Body armor worn by police officers and soldiers offers a degree of protection, but there are still areas of vulnerability around limbs to allow them to move freely. A professor at the University of South Florida (USF) is working on technology that may fill in those gaps.
Dr. Craig Lusk, assistant professor at
mechanical engineering at USF, has been working with shape shifting surfaces -- tiled arrays of polygonal cells, each cell consisting of compliant flexures attached to thin, overlapping plates or shells.

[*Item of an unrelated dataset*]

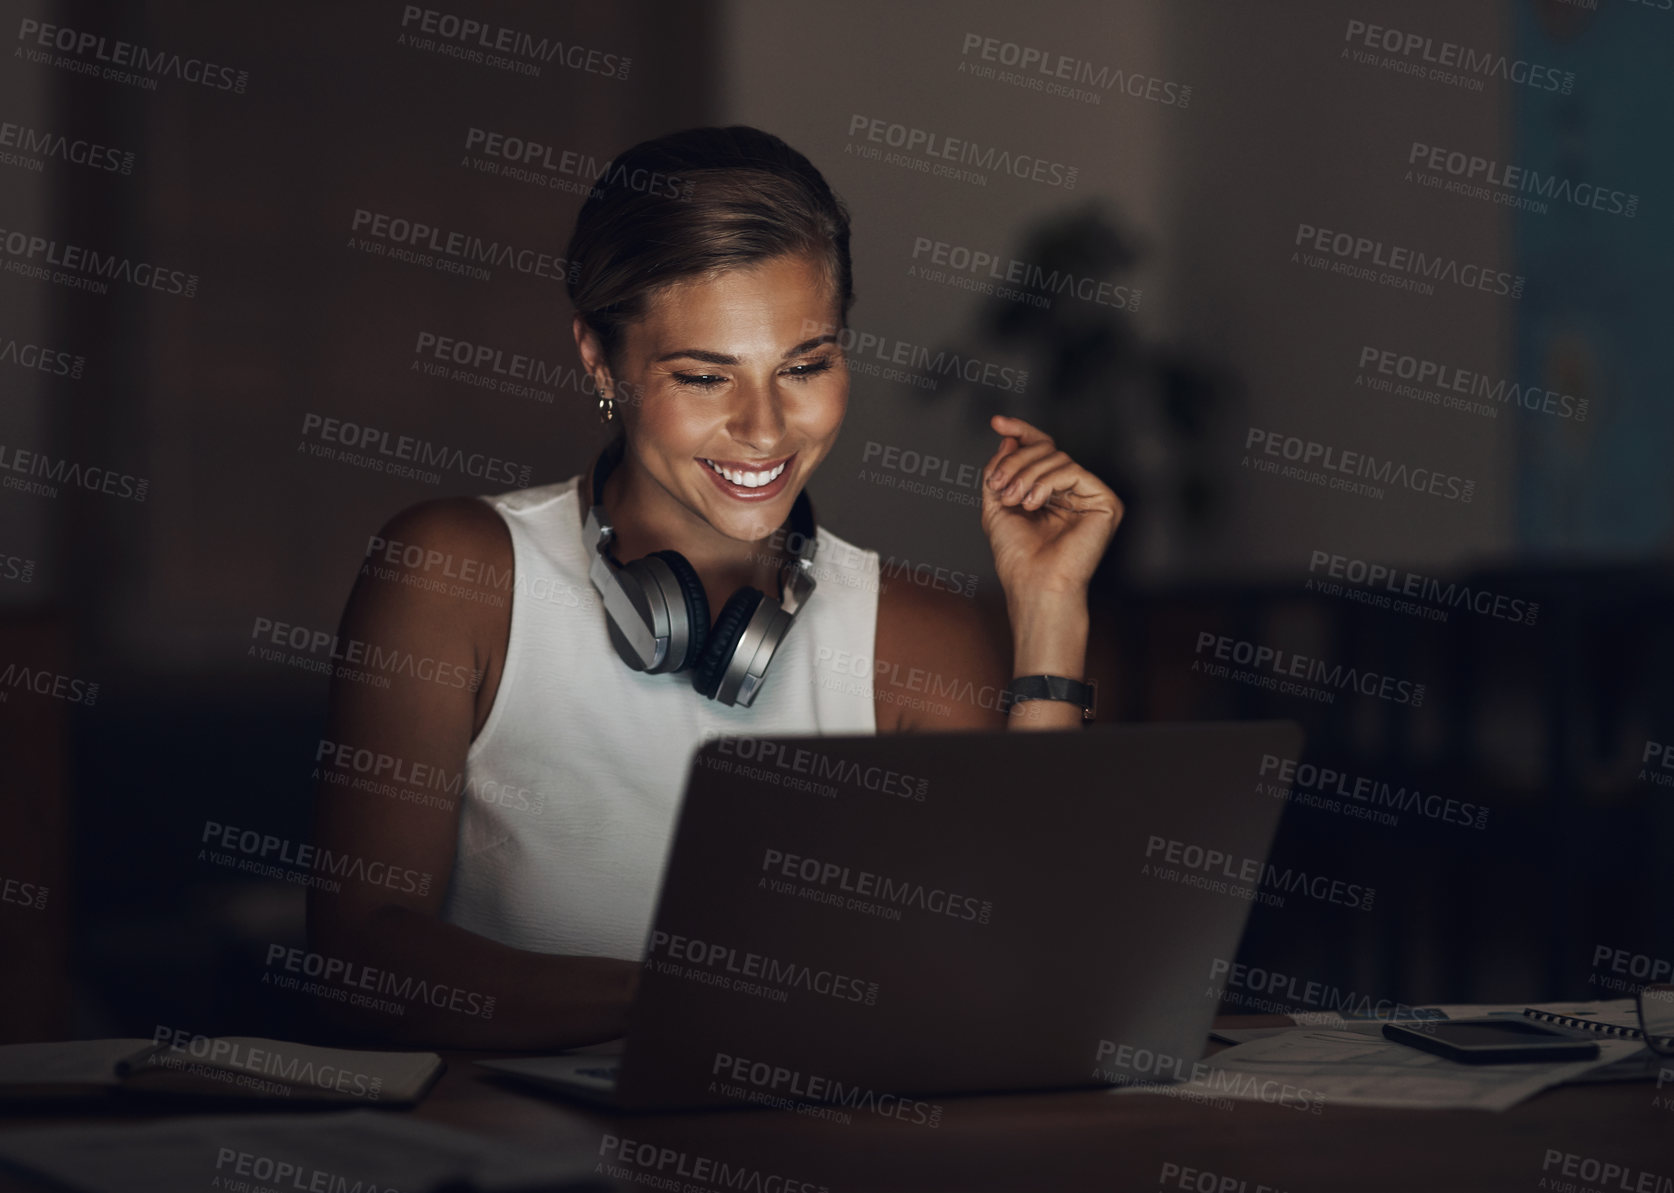 Buy stock photo Shot of a young businesswoman using a laptop during a late night at work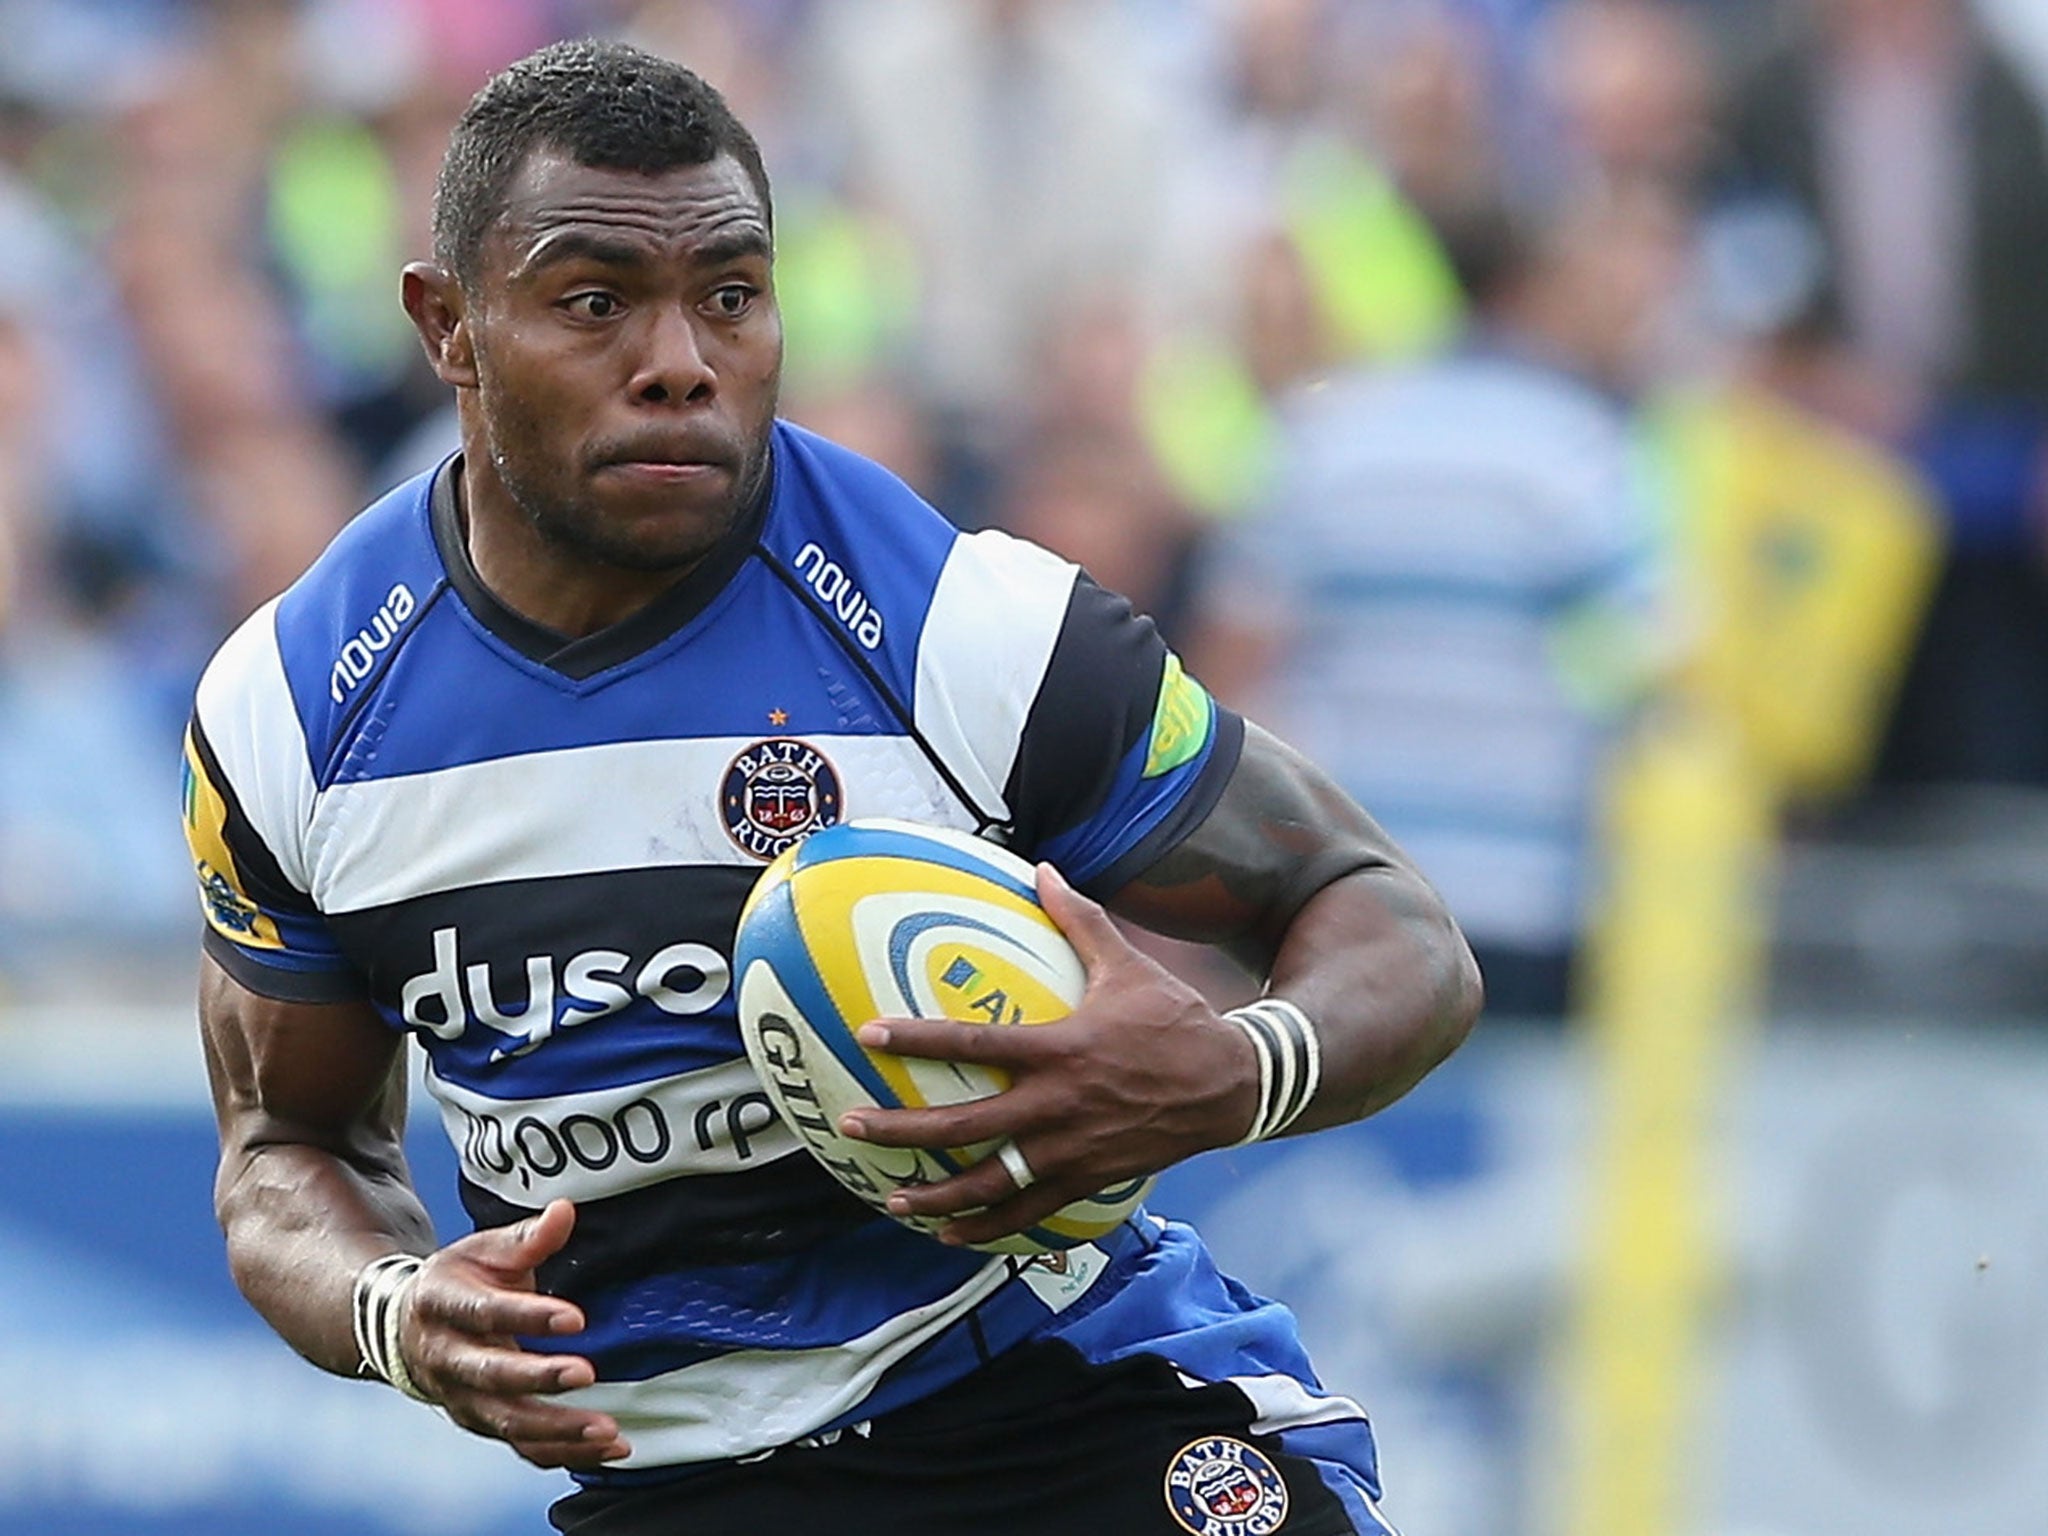 Bath’s in-form wing Semesa Rokoduguni is ready to reignite an England link with the British Army that has laid dormant for 15 years

Lusk says that the best way to describe shape-shifting surfaces is to imagine a spring and a square. "Think of a spring flattened, he says. "I manipulate it so I can determine the shape when I pull on it. Then I connect some plates to them. I have layers of plates that slide across each other and move in interesting ways.
"They don’t move unless you push on them. A square remains a square until you push on it. Imagine you squish it together to make an overlapping square, which can expand or contract. It can go from square to diamond shape held by the springs. It’s still very strong but it’s flexible enough to accommodate any shape I want to make it into."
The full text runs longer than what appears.